To illustrate this point, figure 1 shows a comparison of bond yields versus equity yields over calendar years. At first glance, it is obvious that current yields on bonds are higher, but this higher yield comes with little to no potential for growth.
Figure 1 | Bond Yields versus Dividend Yields Calendar Year Yields
Source: Bloomberg and Standard & Poor’s
Dividends were not reinvested. Data through December 31, 2020. You may not invest directly in an index.
Past performance does not guarantee future results.
To show the difference between the growth of income provided from bonds versus a dividend-paying equity investment, in figure 2, we calculated the amount of income generated annually on a hypothetical $1 million investment made in 1990. While the income from the bond investment steadily declined from 1990 to 2020, the amount of dividend income derived from the dividend-focused equity allocation grew fairly steadily.

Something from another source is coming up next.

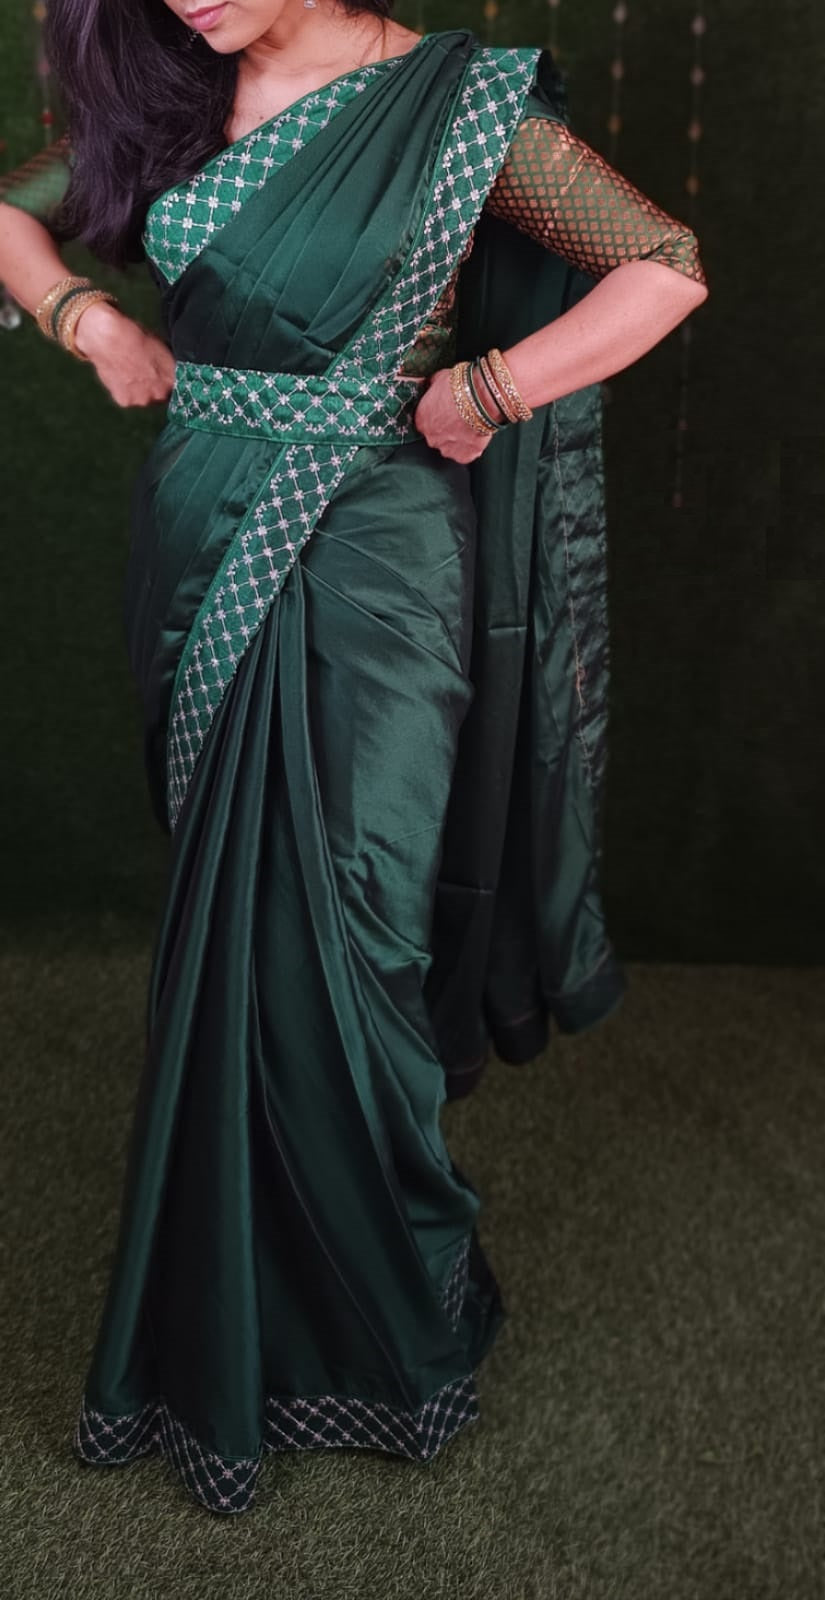 Georgette Ladies Golden Saree Belt at Rs 135/piece in Delhi

Although beginning at a relatively modest level compared to the bond investment, the dollar amount of dividend income generated surpassed the bond income in approximately 10 years and ended at 912% of the bond income by 2020. For this example, it was assumed that the bond interest and stock dividends were being used to support expenses and not being reinvested.
Figure 2 | Bond Income Versus Dividend Income
Annual Income from a Hypothetical $1 Million Investment Made in January 1990
Source: Bloomberg and Standard & Poor’s
Dividends were not reinvested. Data through December 31, 2020. You may not invest directly in an index.
Past performance does not guarantee future results.
Total Return for Dividend Growers
Our analysis uses the S&P 500 Dividend Aristocrats Index, a subset of the S&P 500 Index. It is comprised of U.S. companies that have consistently increased their dividends for the past 28 years. Since the Dividend Aristocrats Index began in January 1990, we can compare its returns versus the S&P 500 Index for the period beginning January 1, 1990, to December 31, 2020, to determine its performance in a dividend-focused retirement portfolio, from a total return perspective. For the results, see figure 3.
Figure 3 | Dividend Aristocrats Index versus S&P 500 Index
Dividends were reinvested. Data from January 1, 1990, through December 31, 2020, annualized.
Past performance does not guarantee future results.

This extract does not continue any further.